The line with "If At First You Don't Succeed Rocker Tank" starts the range, and the last line of the listing ends it. Retype that range exactly, without pictures.

● **Data extract**
***

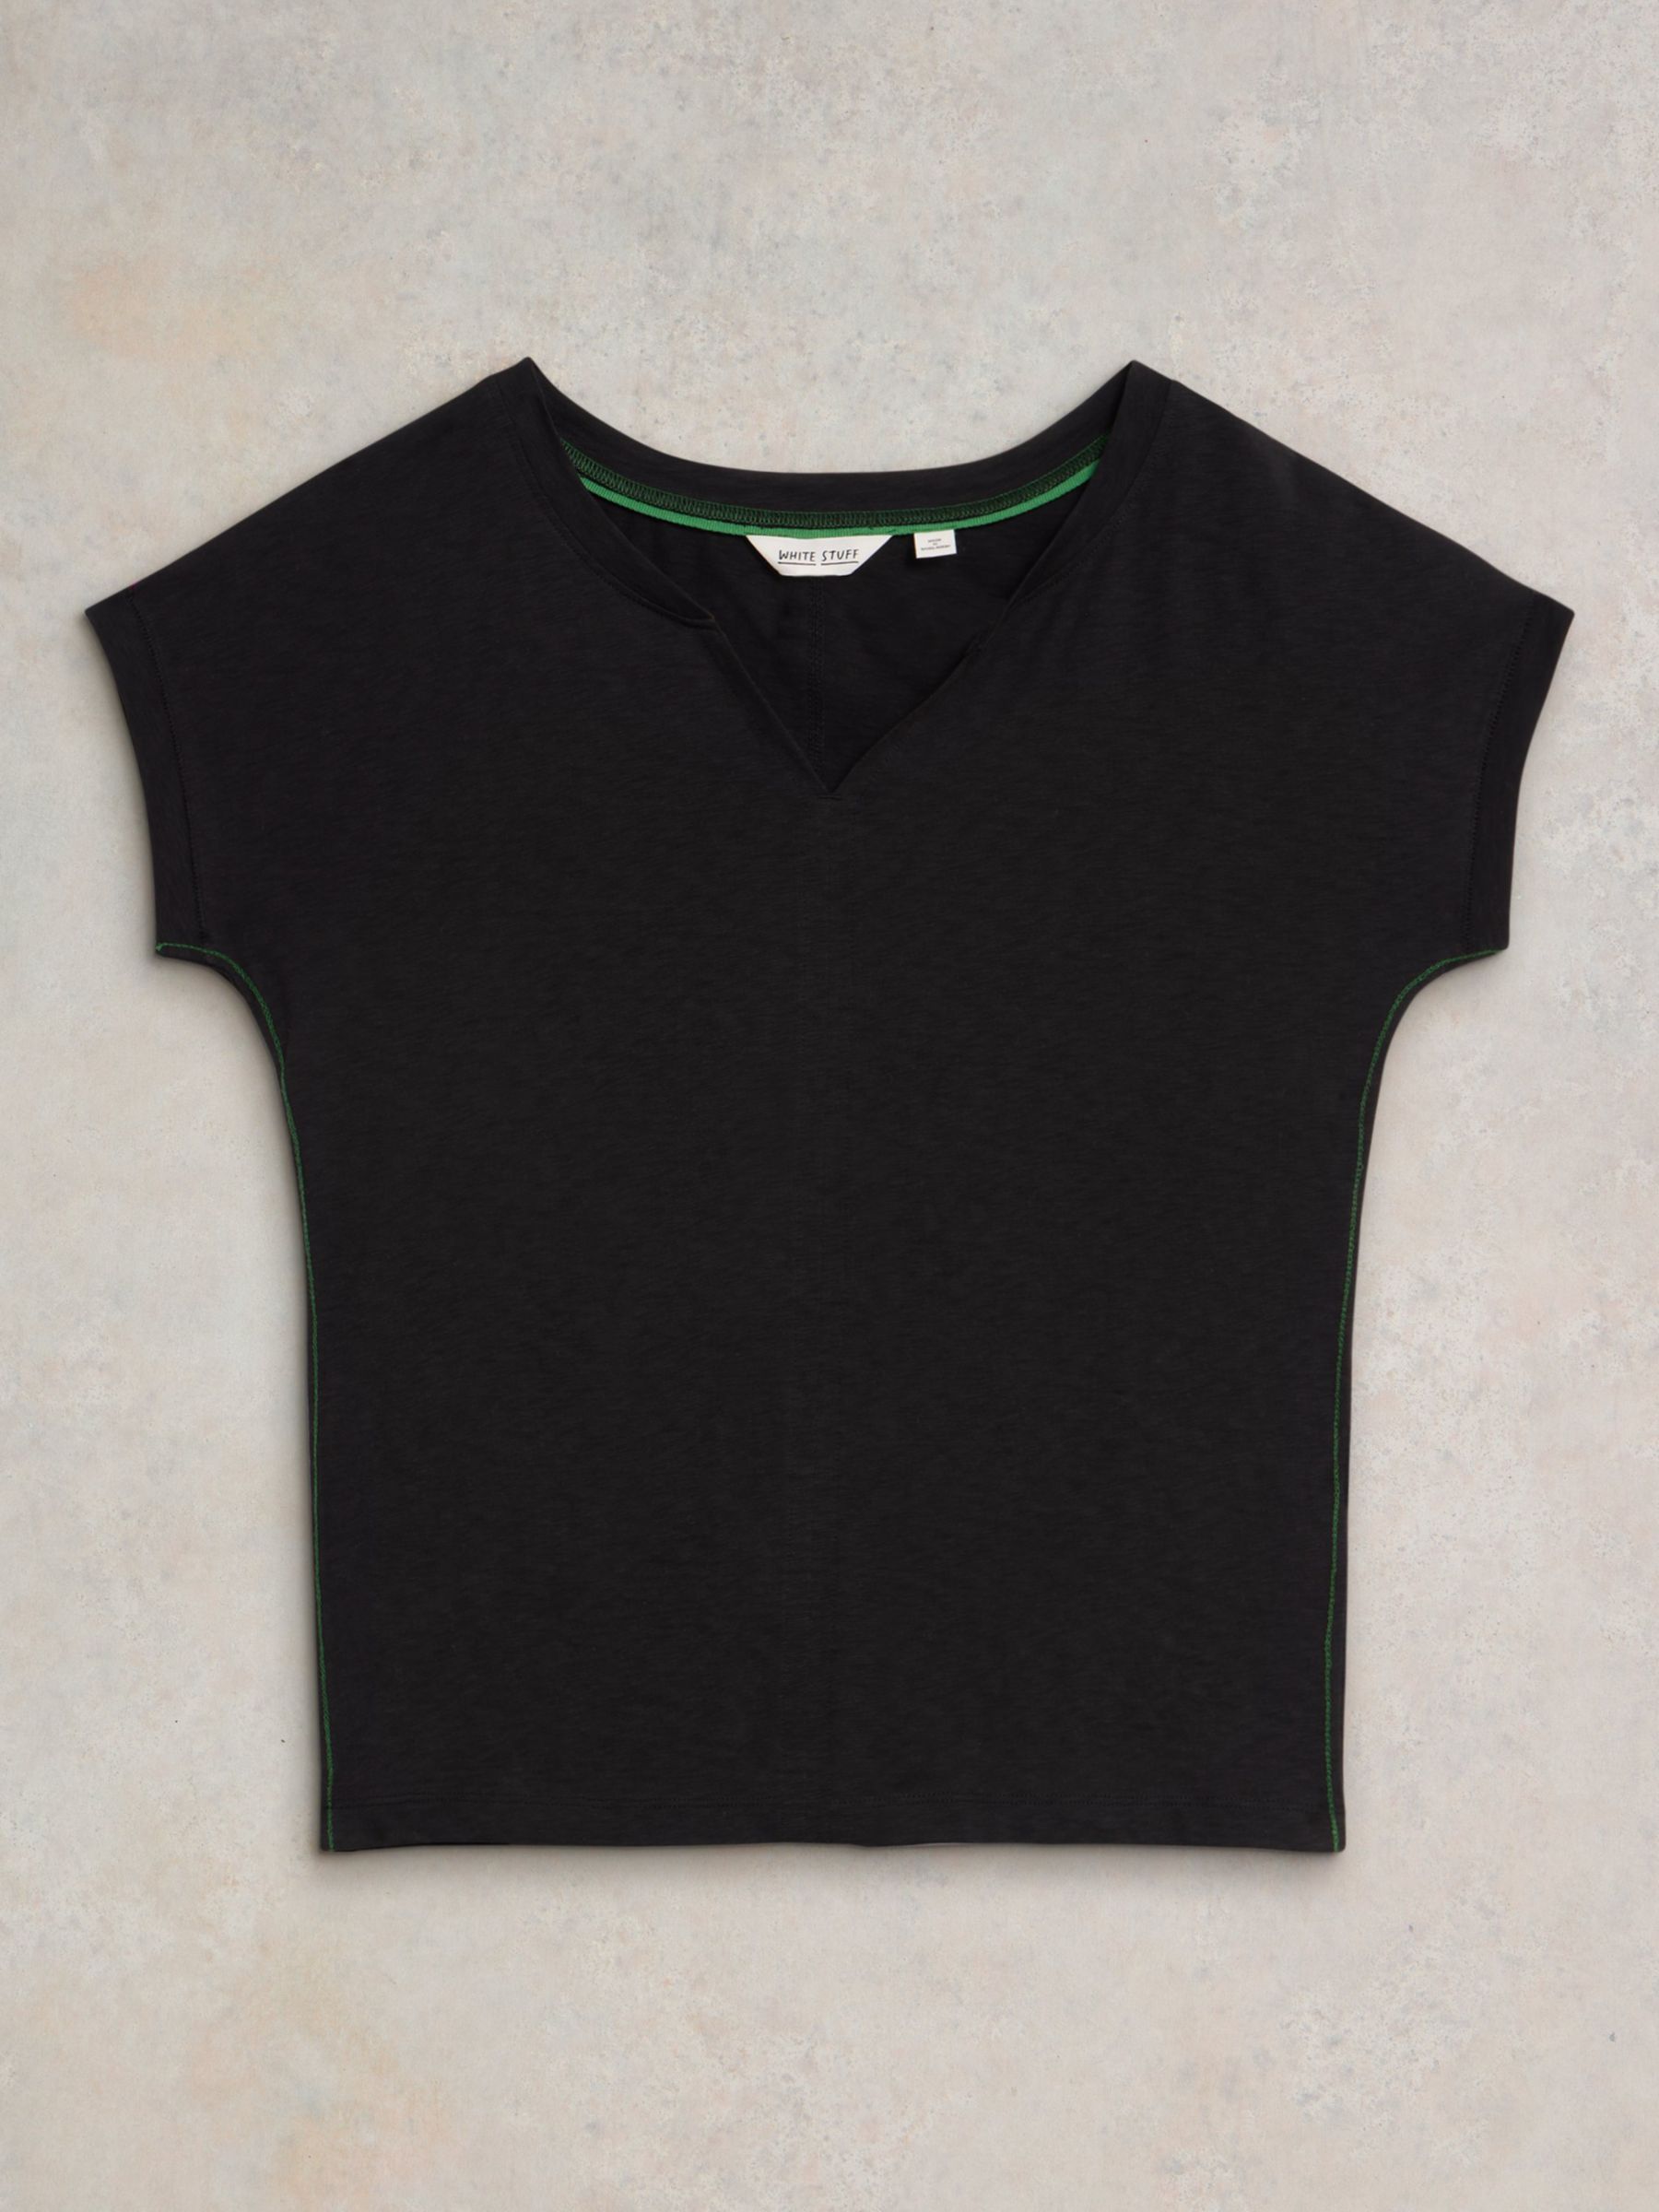 Buy Nelly Front Cross Sports Top - Black
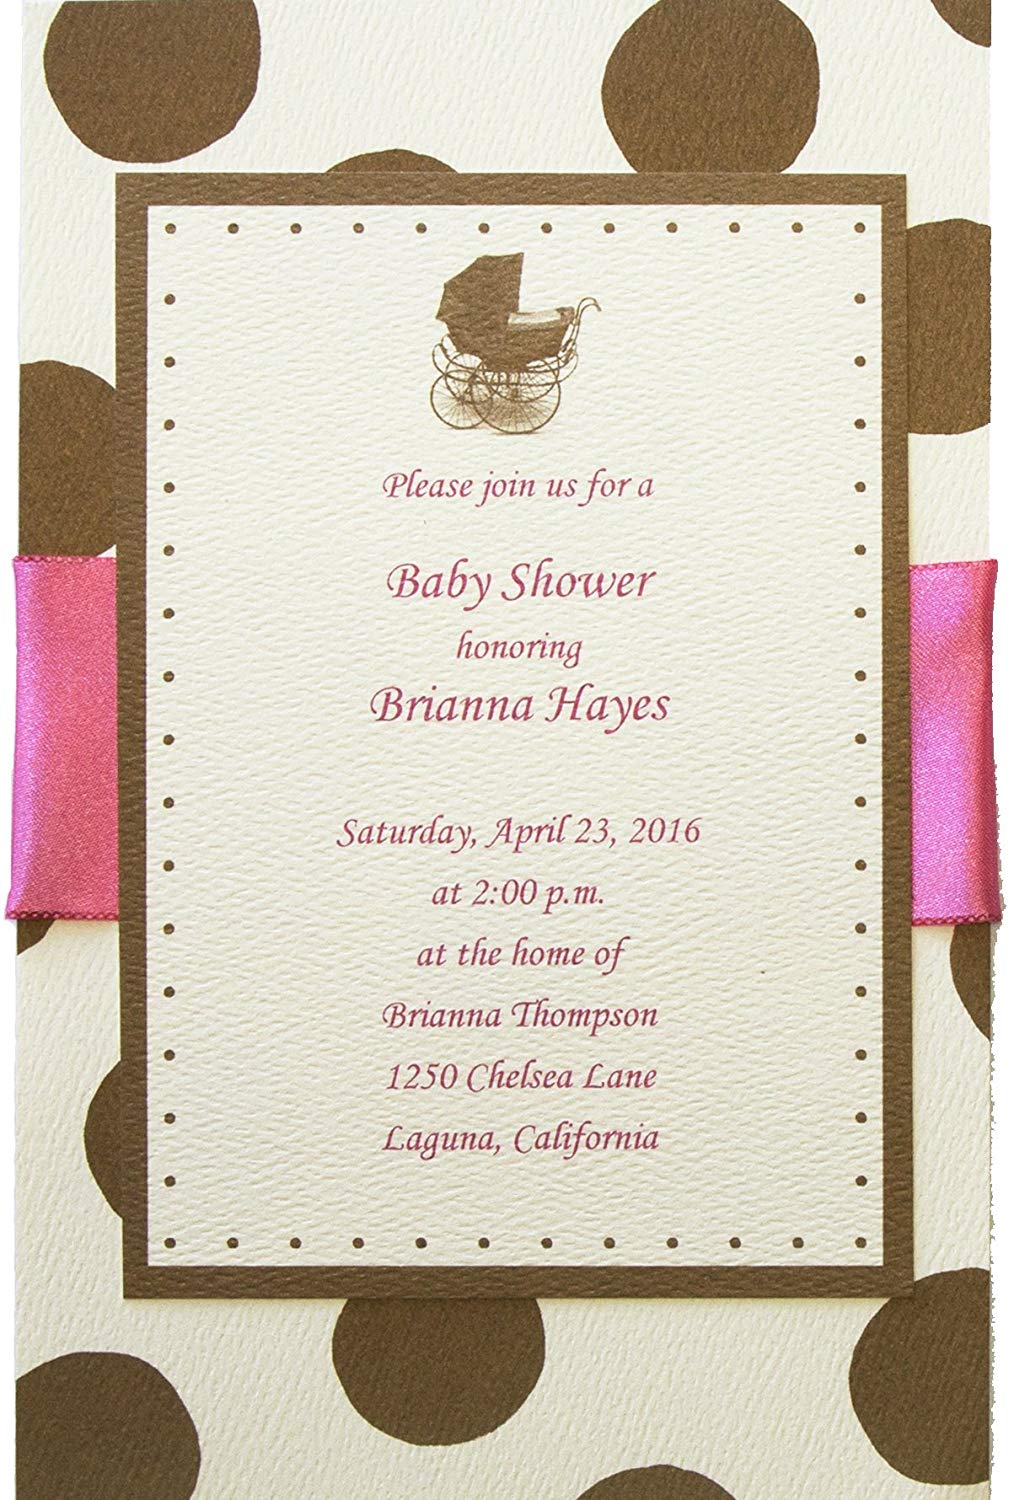 Full Size of Baby Shower:nautical Baby Shower Invitations For Boys Baby Girl Themes For Bedroom Baby Shower Ideas Baby Shower Decorations Themes For Baby Girl Nursery Nursery For Girls Baby Shower Ideas For Girls Baby Girl Themes For Baby Shower Pinterest Nursery Ideas
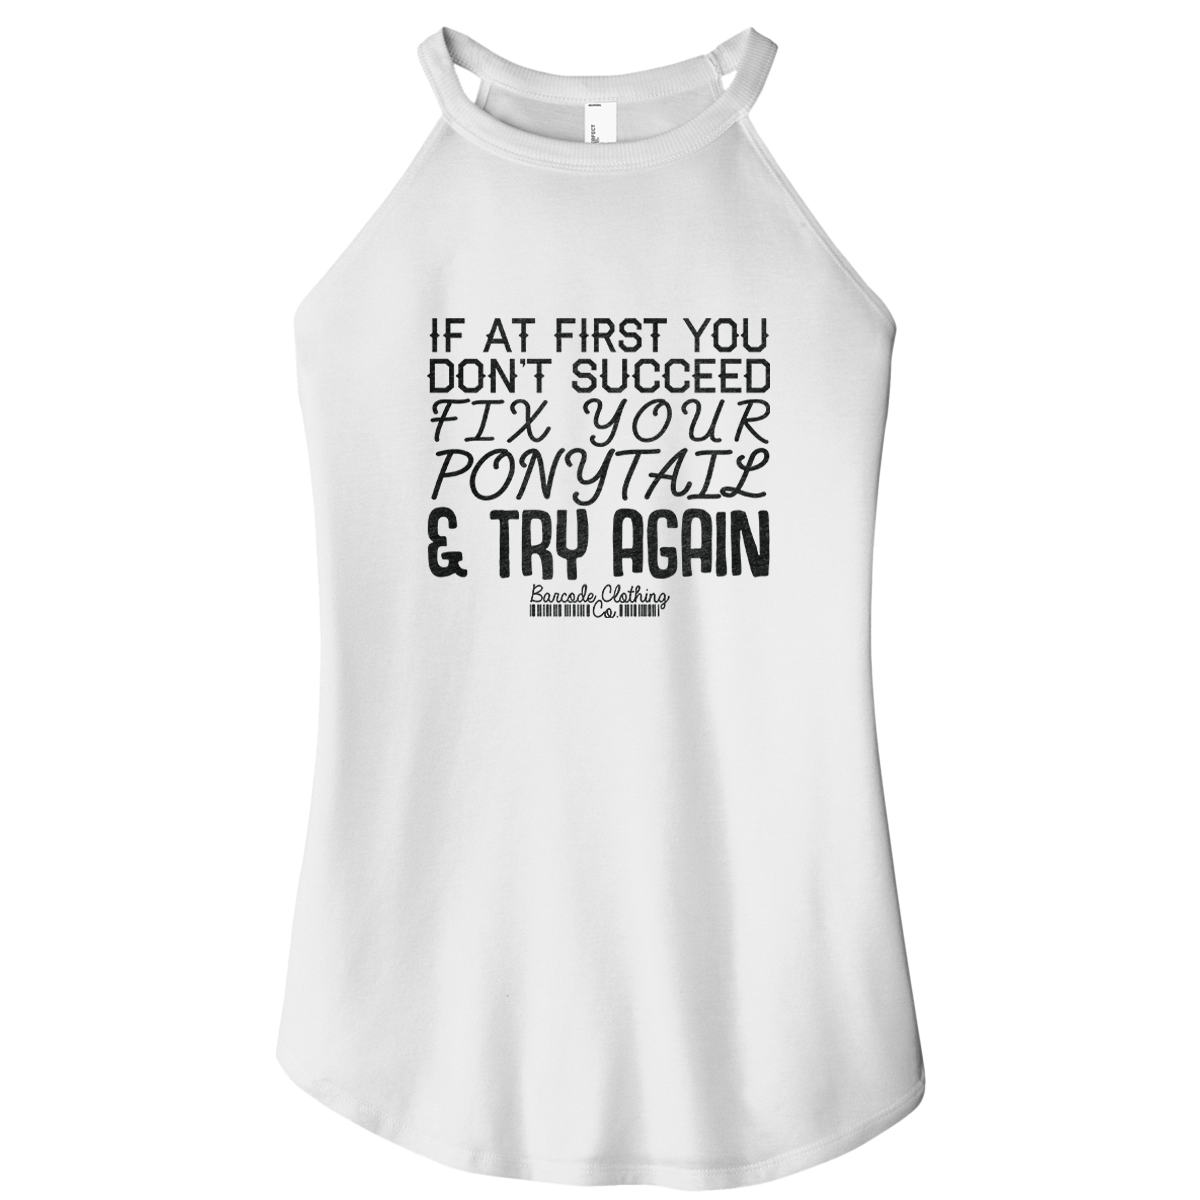 If At First You Don't Succeed Rocker Tank
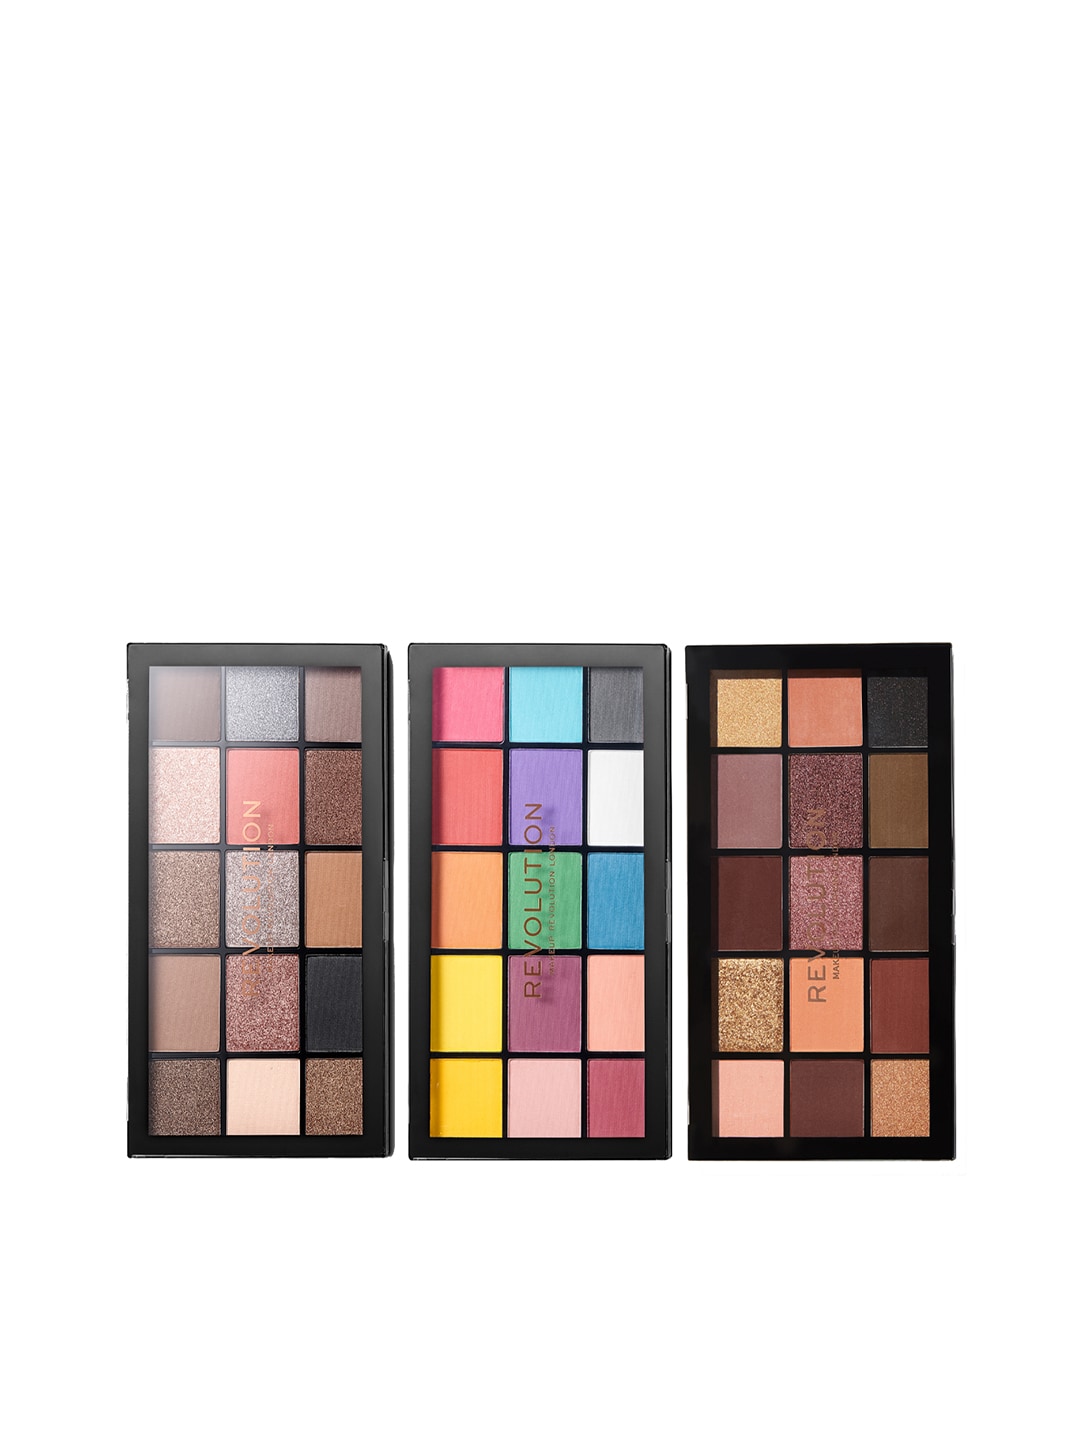 Makeup Revolution London Set of 3 Reloaded Eyeshadow Palettes Price in  India, Full Specifications & Offers

***

● **Problem solution**
 If At First You Don't Succeed Rocker Tank
 Makeup Revolution London Set of 3 Reloaded Eyeshadow Palettes Price in  India, Full Specifications & Offers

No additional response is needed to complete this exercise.